Top of DATA EXTRACT

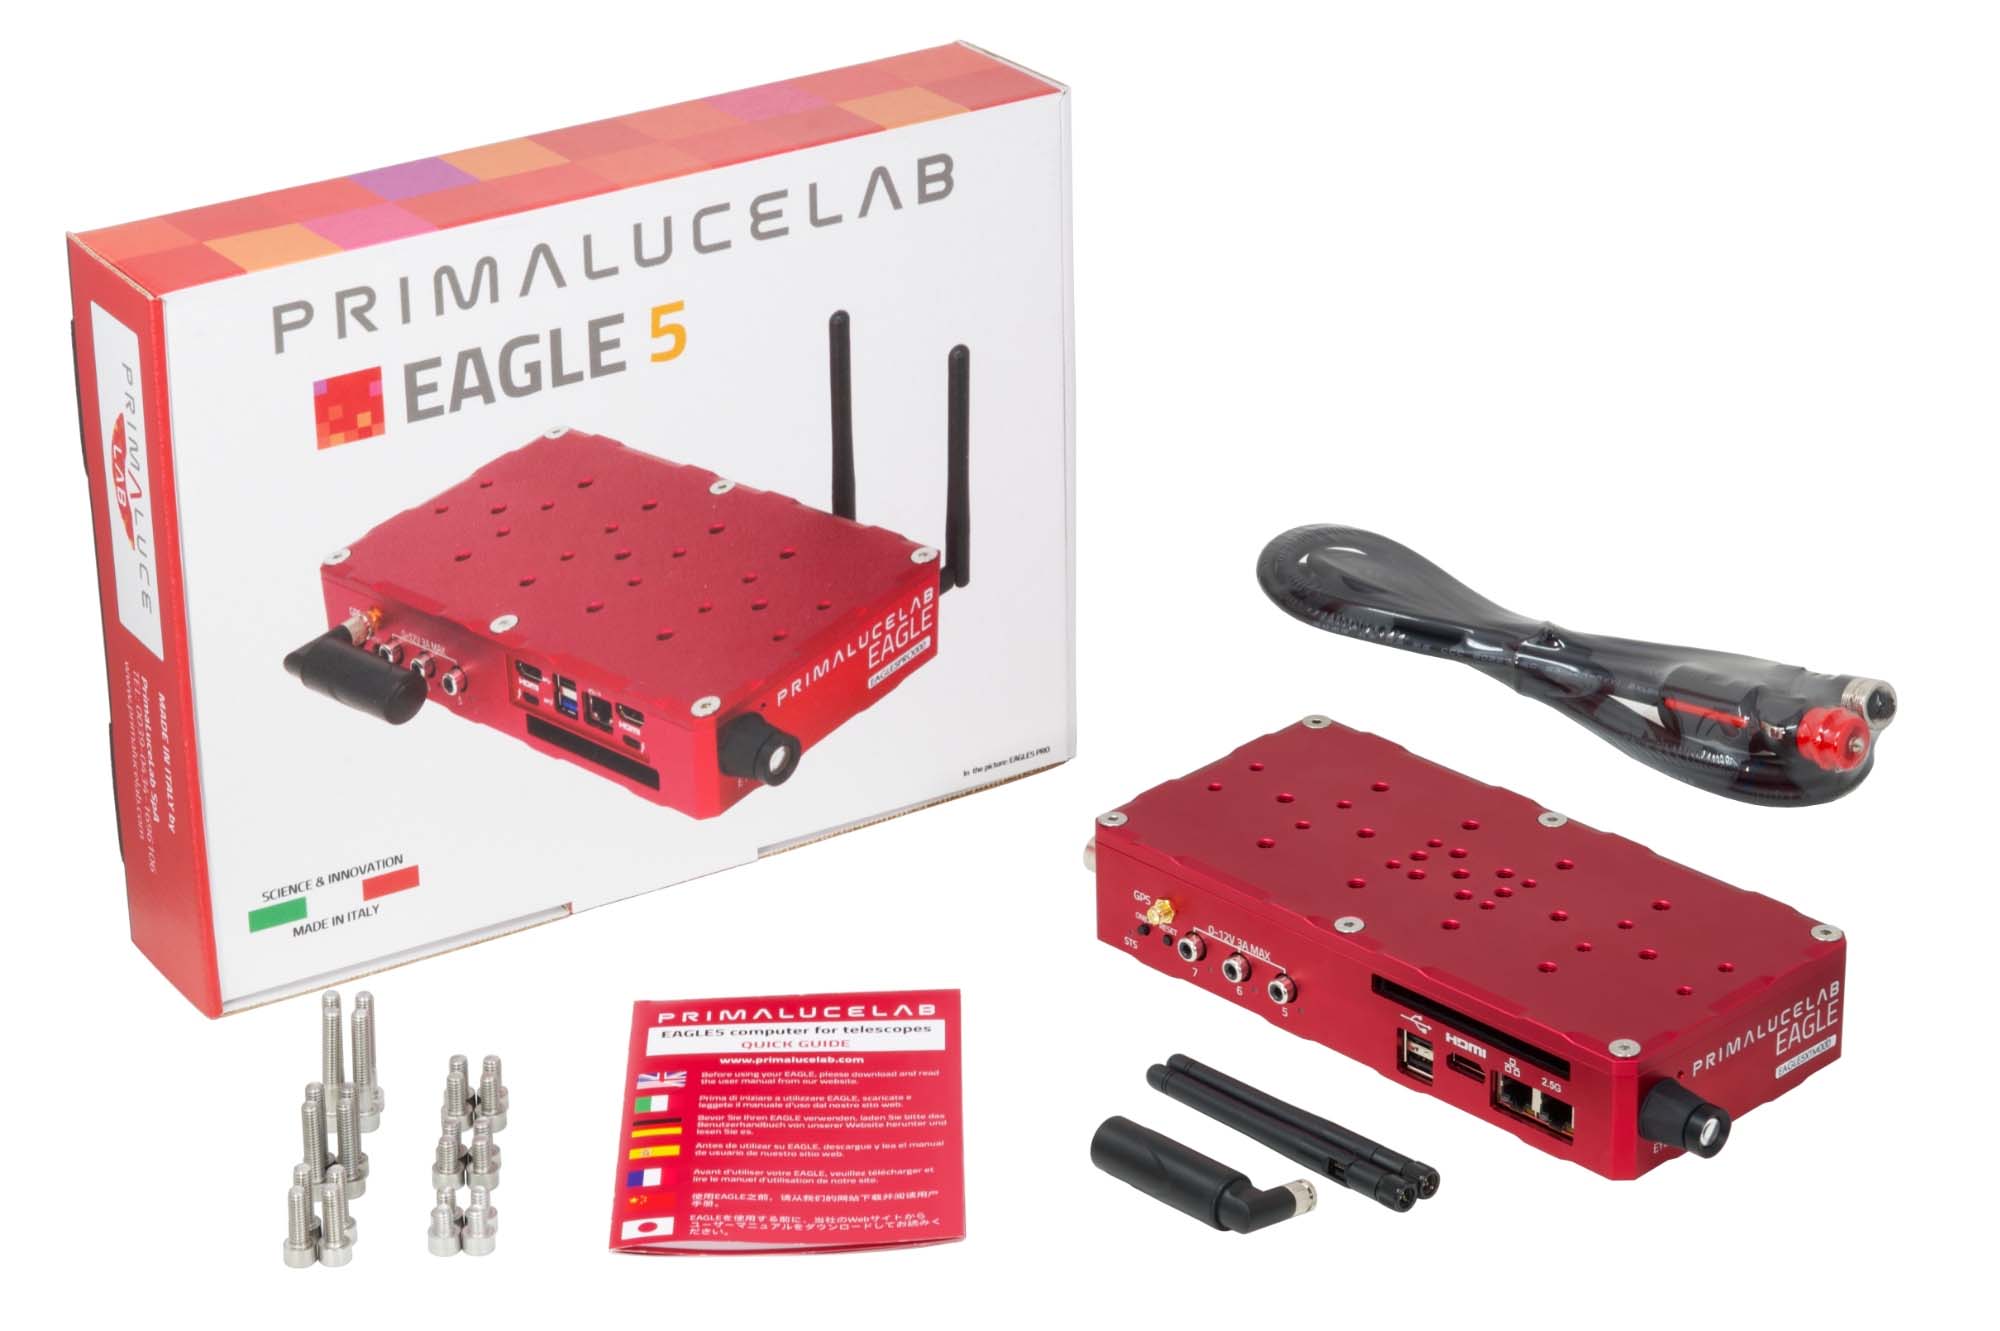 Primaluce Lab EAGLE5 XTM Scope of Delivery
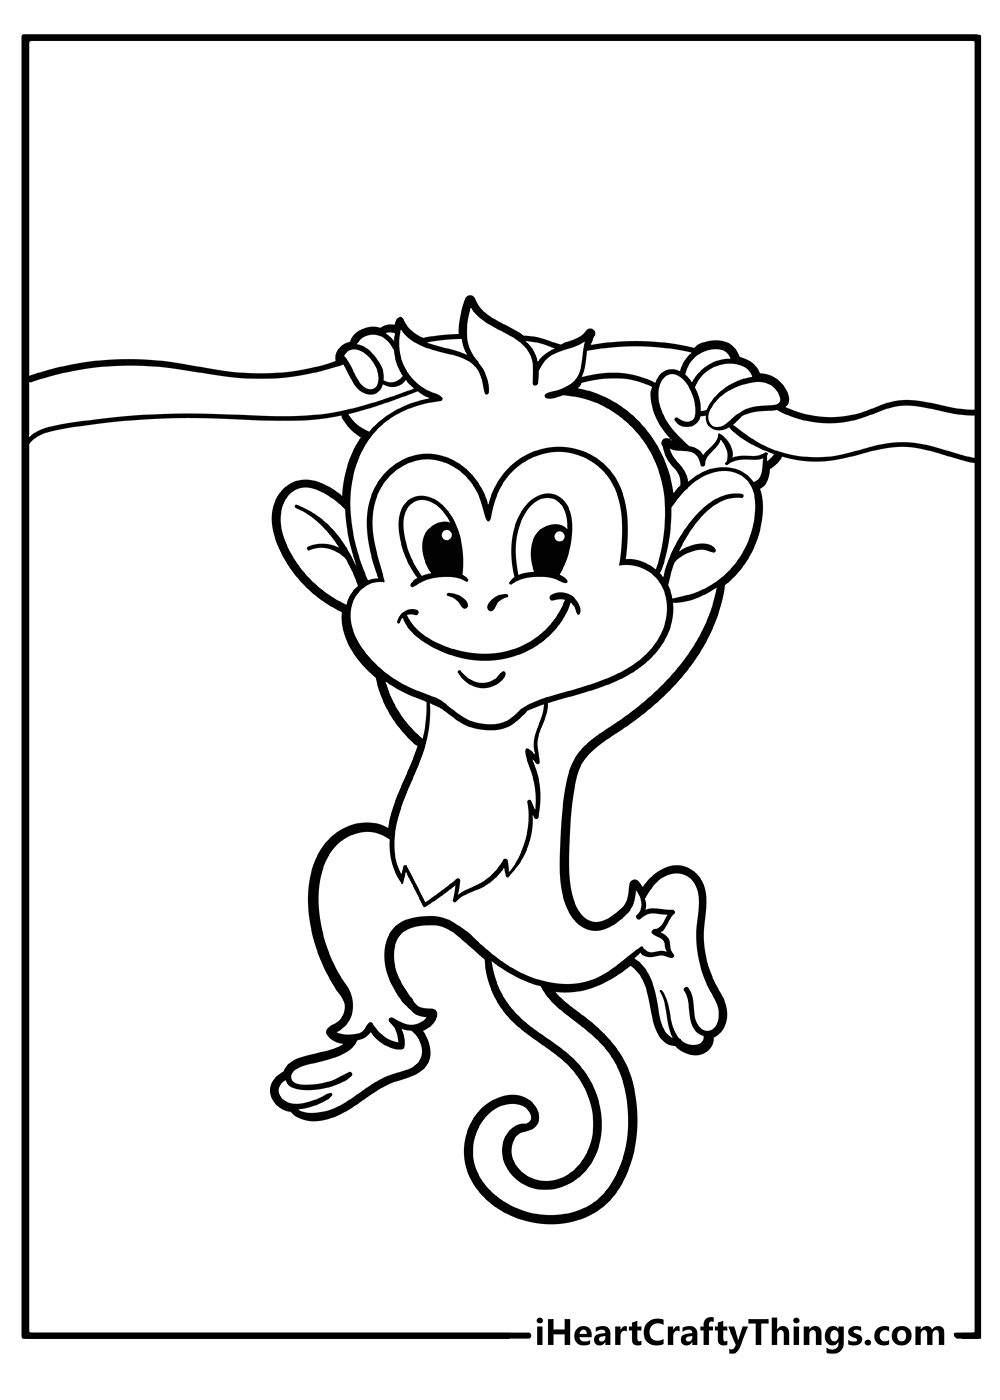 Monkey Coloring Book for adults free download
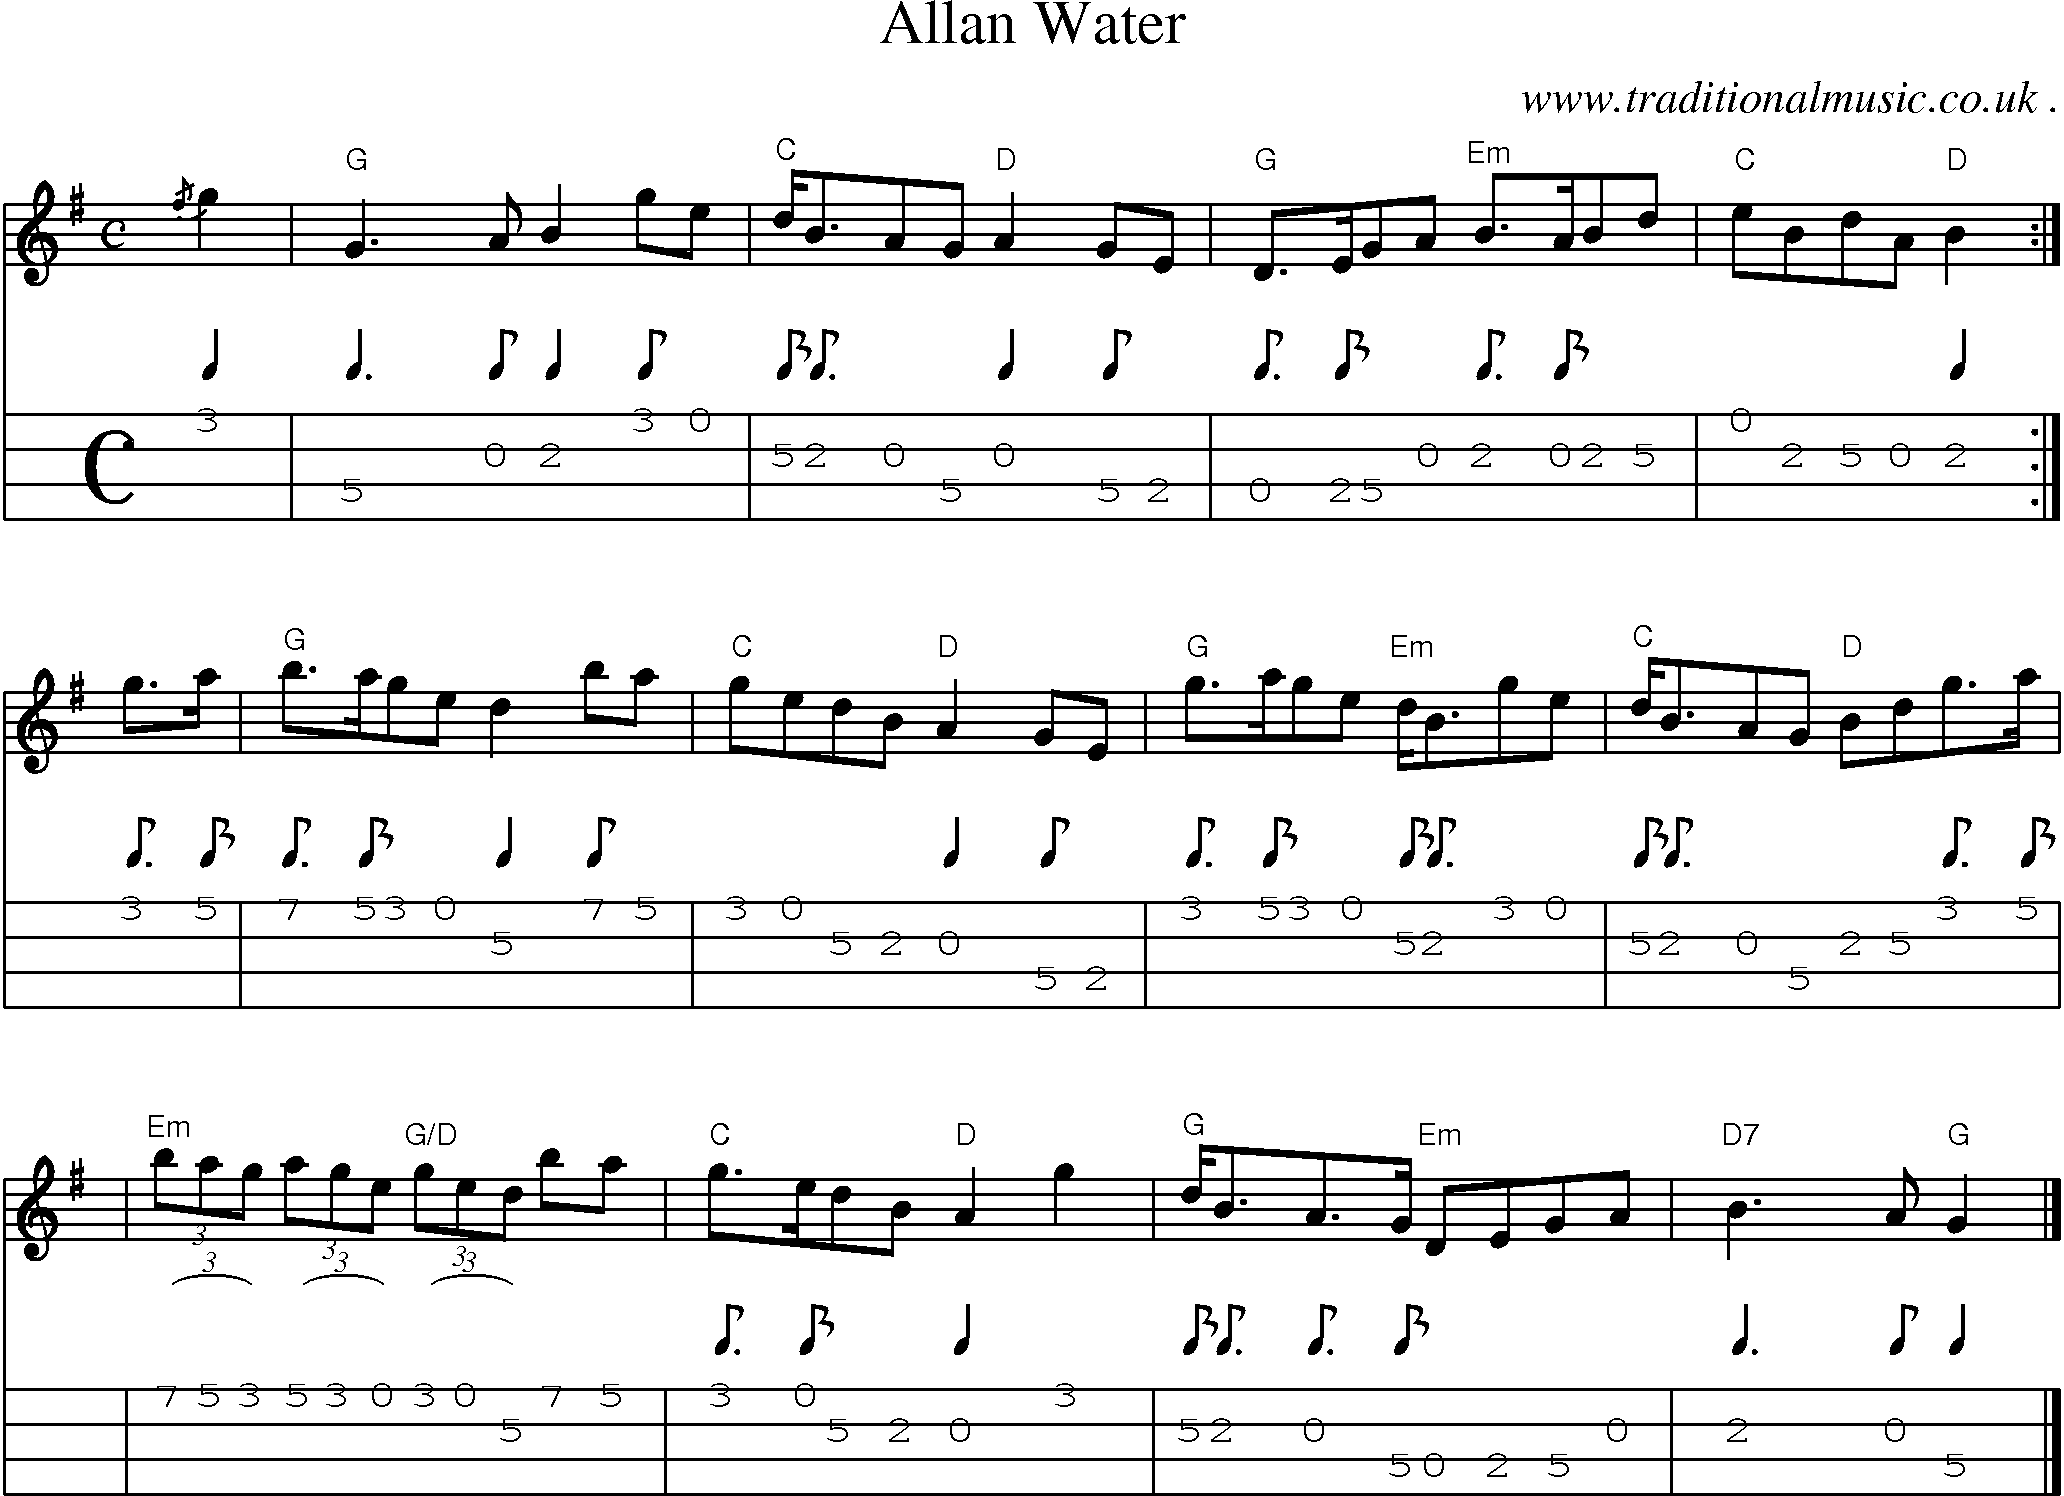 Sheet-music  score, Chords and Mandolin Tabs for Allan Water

Bottom of DATA EXTRACT

Please retype all of the material exactly, skipping whatever images it holds.

 Primaluce Lab EAGLE5 XTM Scope of Delivery
 Monkey Coloring Book for adults free download
 Sheet-music  score, Chords and Mandolin Tabs for Allan Water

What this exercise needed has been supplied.